If there was a general trick for computing the 'translated polar decomposition' that works independent of dimension, it would need to be applicable also in the case where $M$ is just a complex number (i.e. a $1\times1$ matrix). So, let's check if such a method is known to exists in that special case.
The PD of a complex number $M$ is $$M=r\cdot {\rm e}^{{\rm i}\phi}$$ where $$r=\sqrt{\Re(M)^2 + \Im(M)^2} \qquad , \qquad \phi={\rm arctan2}(\Re(M), \Im(M))$$ So much for the brute force computation of the PD of $M$. Then your question means for our special case: is there a simpler way to compute the PD of $$M-z=r^\prime \cdot {\rm e}^{{\rm i}\phi^\prime}$$ than to simply insert it into the above formulae again, i.e. $$r^\prime =\sqrt{\Re^2(M-z) + \Im^2(M-z)} \qquad , \qquad \phi^\prime={\rm arctan2}(\Re(M-z), \Im(M-z))$$ You can quickly visualize that the complex zero, the point $M$ and the point $M-z$ generally form a non-right triangle in the complex plane.
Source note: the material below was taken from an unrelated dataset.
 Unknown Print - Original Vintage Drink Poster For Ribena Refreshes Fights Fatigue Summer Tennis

All the theorems I know about non-right triangles make use of trigonometric functions and hence, can be deduced by referring to equivalent right triangles (e.g. by using an altitude).
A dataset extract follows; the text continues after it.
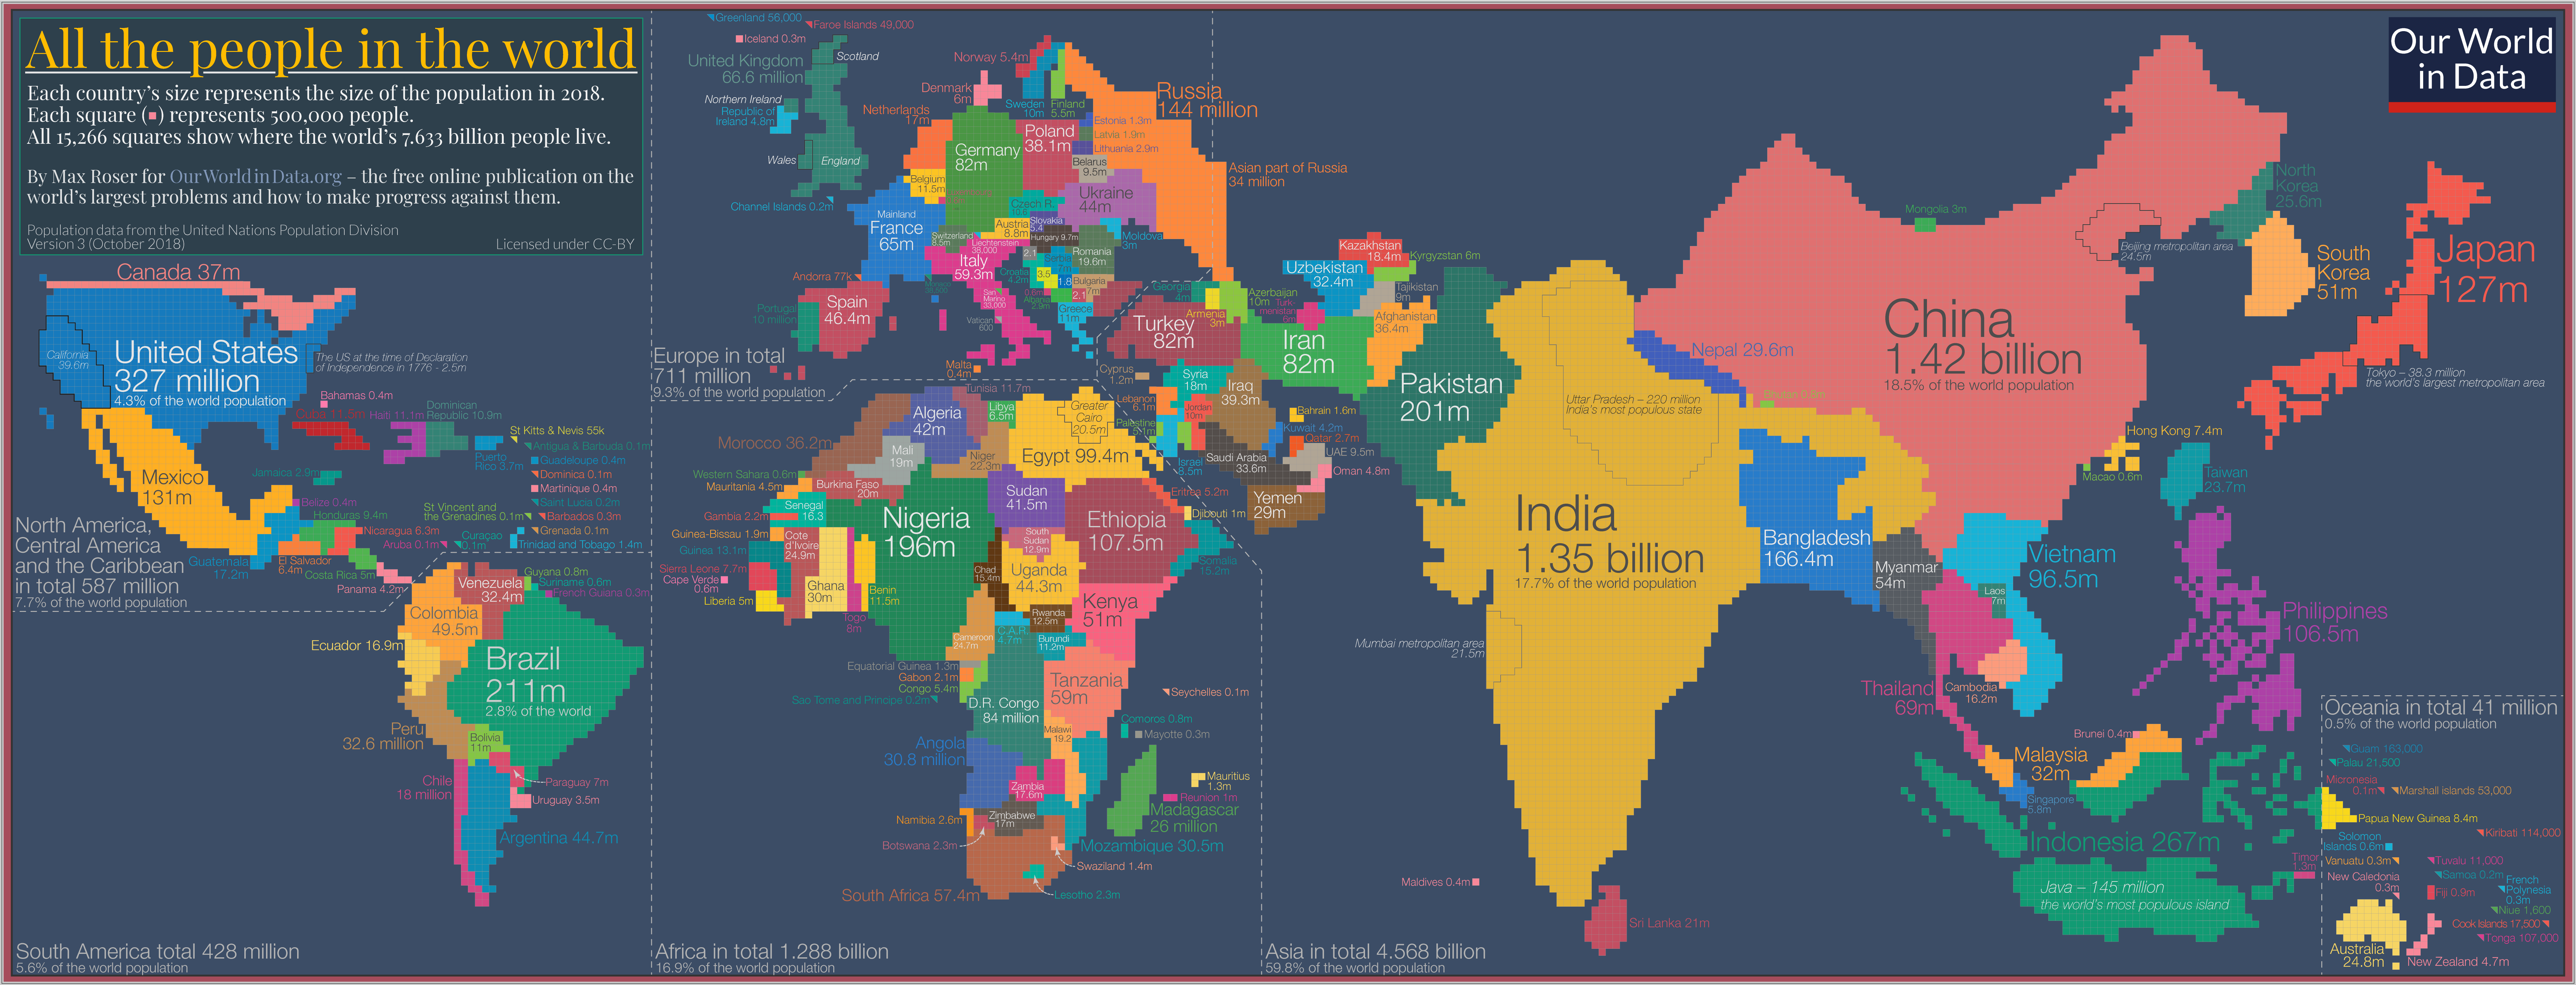 The map we need we to about how global living conditions are changing - Our World in Data

Therefore, it is rather unlikely that there is a more clever way of computing $r^\prime$ and $\phi^\prime$ than by going through the real and imaginary parts and using the above formula.
Just take the radius (which is certainly algebraically easier to handle than the transcendent arctangent function) for example. We can write $$(r^\prime)^2=\Re^2(M) -2\Re(M)\Re(z)+\Re^2(z)+\Im^2(M) -2\Im(M)\Im(z)+\Im^2(z)$$ leading to $$r^\prime=\sqrt{r^2 - (2r{\rm cos}\phi)\Re(z)-(2r{\rm sin}\phi)\Im(z)+|z|^2}$$ So you definitely can express the new polar radius (corresponding to the symmetric part of the general polar decomposition) by the old one. But is this computation simpler than the straightforward one? Clearly no! The original formula required 3 additions, 2 multiplications and a square root. The 'simplified' version requires 3 additions, 8 multiplications, and a square root. (Remark: well, actually I admit that this argument is not very robust because there could be an efficiency gain in higher dimension but not in $C$)
And presumably, the situation does not get easier if you have multiple angle sines/cosines (unitary part of the PD) and multiple scalings (symmetric part of the PD)
Of course, this is not a strict proof. There could be new undiscovered 21'st century trigonometry that simplifies the computation in the scalar complex case and is also applicable to higher dimensional matrices. And lastly, there could be special dimension numbers, where simplifications exist, although there is no such method for the scalar complex case.
But I think this is pretty unlikely, at least if I have not made a mistake in my argument.